___ The data
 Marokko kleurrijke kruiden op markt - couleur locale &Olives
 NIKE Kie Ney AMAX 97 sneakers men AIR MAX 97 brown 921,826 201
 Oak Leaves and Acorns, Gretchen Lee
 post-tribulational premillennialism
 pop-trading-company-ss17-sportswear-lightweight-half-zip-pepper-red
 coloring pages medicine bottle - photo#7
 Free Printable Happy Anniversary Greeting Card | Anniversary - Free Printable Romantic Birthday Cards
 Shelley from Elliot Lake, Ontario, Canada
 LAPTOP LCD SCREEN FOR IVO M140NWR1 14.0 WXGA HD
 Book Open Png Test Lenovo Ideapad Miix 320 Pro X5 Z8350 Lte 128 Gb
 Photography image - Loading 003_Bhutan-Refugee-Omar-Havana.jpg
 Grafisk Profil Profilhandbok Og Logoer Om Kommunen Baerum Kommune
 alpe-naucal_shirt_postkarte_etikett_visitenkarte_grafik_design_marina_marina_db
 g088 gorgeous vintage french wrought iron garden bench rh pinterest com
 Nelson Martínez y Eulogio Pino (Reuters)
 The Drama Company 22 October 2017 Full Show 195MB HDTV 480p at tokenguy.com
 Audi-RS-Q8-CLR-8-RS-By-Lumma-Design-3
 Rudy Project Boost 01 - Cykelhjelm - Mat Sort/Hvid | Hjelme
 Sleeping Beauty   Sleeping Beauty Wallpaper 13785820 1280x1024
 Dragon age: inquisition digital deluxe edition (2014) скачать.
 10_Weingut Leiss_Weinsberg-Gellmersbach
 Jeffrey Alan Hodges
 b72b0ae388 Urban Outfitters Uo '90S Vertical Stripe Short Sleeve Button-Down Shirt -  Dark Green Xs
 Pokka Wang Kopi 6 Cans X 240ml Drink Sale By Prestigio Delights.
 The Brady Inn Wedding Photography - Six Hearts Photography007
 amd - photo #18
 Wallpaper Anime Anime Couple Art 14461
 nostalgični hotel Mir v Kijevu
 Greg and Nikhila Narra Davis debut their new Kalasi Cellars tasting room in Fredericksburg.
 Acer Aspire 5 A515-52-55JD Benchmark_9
______
Look through the entries above and copy each line that has "Photography" in it.

 Photography image - Loading 003_Bhutan-Refugee-Omar-Havana.jpg
 The Brady Inn Wedding Photography - Six Hearts Photography007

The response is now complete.